Write a program or function that takes in two non-negative integers and an image in any common image file format of your choosing (you can take a path to the image or the raw image data).

We'll call the first integer the cycles and the second integer the offset.

We'll also define floating-point step as 360 times cycles divided by the area of the image, or step = 360 * cycles / (image width * image height).

For each pixel P in the image, moving one row at a time, left-to-right, top-to-bottom (i.e. in reading order if the pixels were letters), do the following:

  1. Increase the hue of P by offset degrees (looping around from 360 to 0 if necessary).

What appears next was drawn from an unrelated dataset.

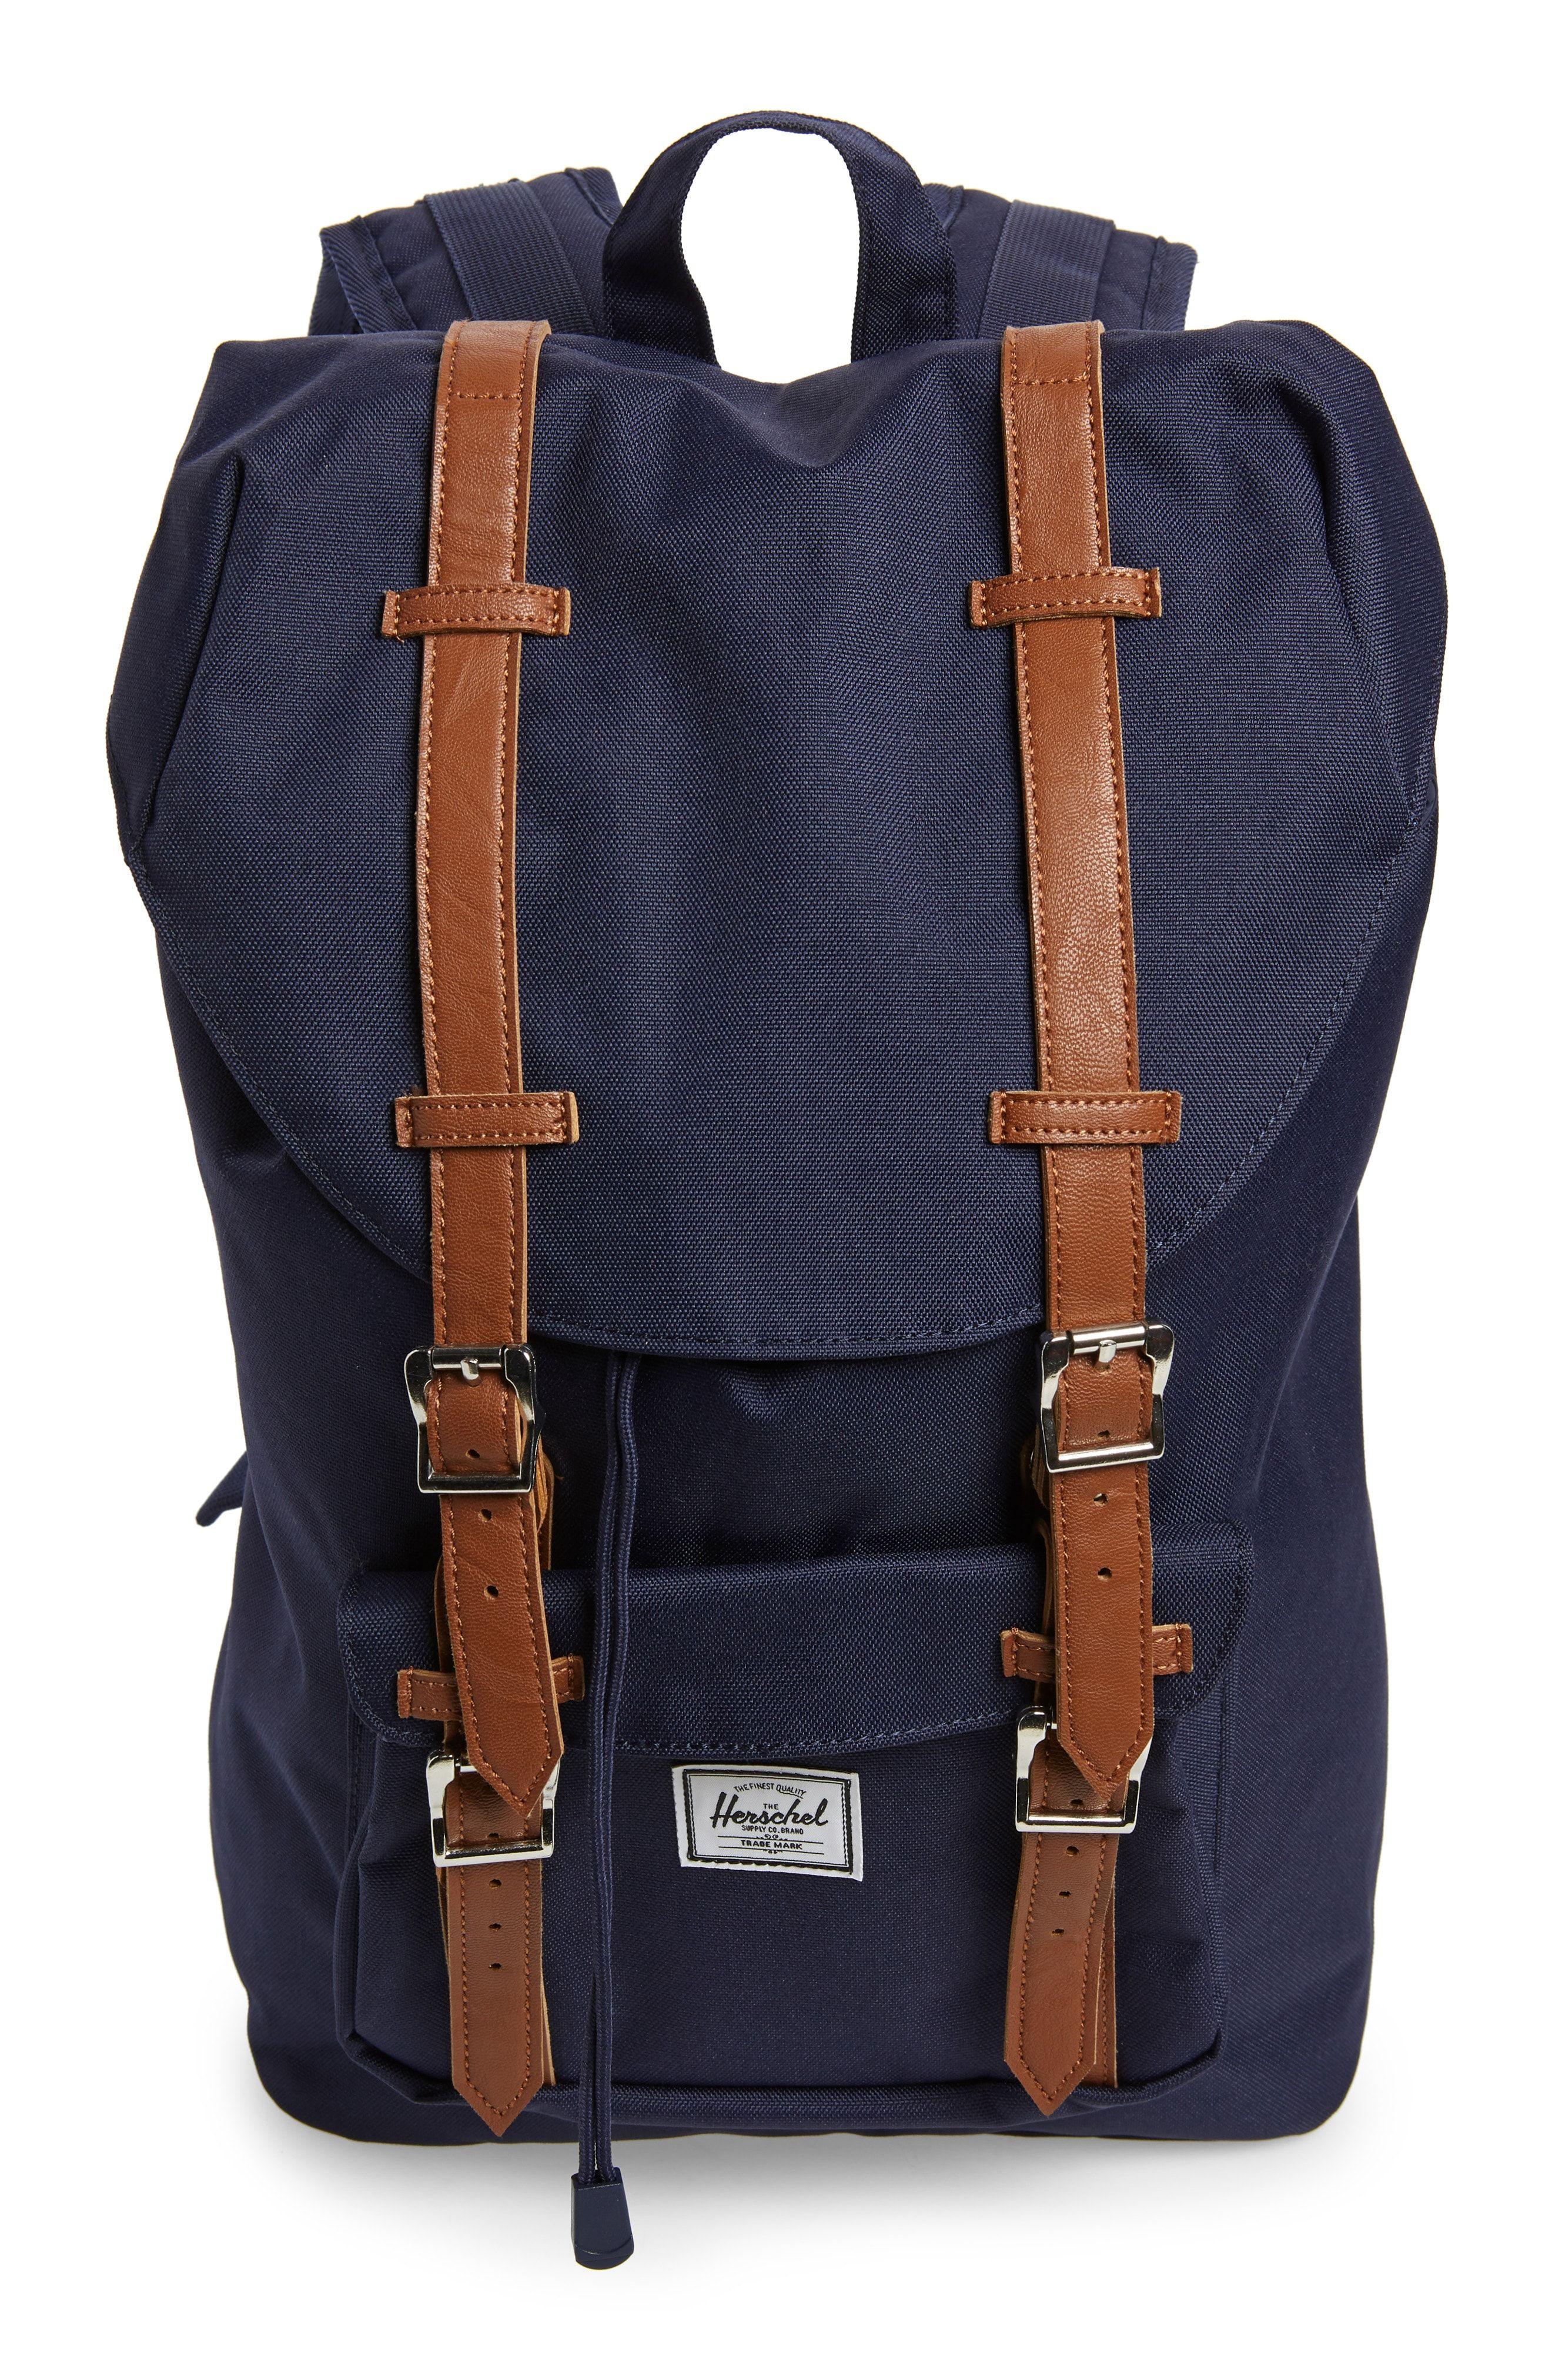 Herschel Supply Co Little America Mid Volume Backpack Blue Herschelsupplyco Bags Backpacks Herschel Supply Co Herschel Accessories

  2. Then increase offset by step.

Save, display, or output raw the resulting image in any common image file format.

This procedure incrementally increases the hue of all the pixels in the image, making cycles full loops around the hue rainbow, starting by initially offsetting the hue by offset.

When cycles is 1 and offset is 0, as in the Starry Night image above, the top and bottom rows of pixels have practically no hue shift but in between there's a full color cycle.

Details

  • Cycles can be any non-negative integer but you may assume that offset is from 0 to 359 inclusive.

  • When cycles is 0, every pixel in the image will have its hue shifted by exactly offset since step must be 0 too. (In this case if offset is 0 then the image doesn't change at all.)

  • You may assume cycles and offset are input as floats if desired (i.e. 1.0 instead of 1). (I realize they needn't be integers at all, it just makes the challenge simpler.)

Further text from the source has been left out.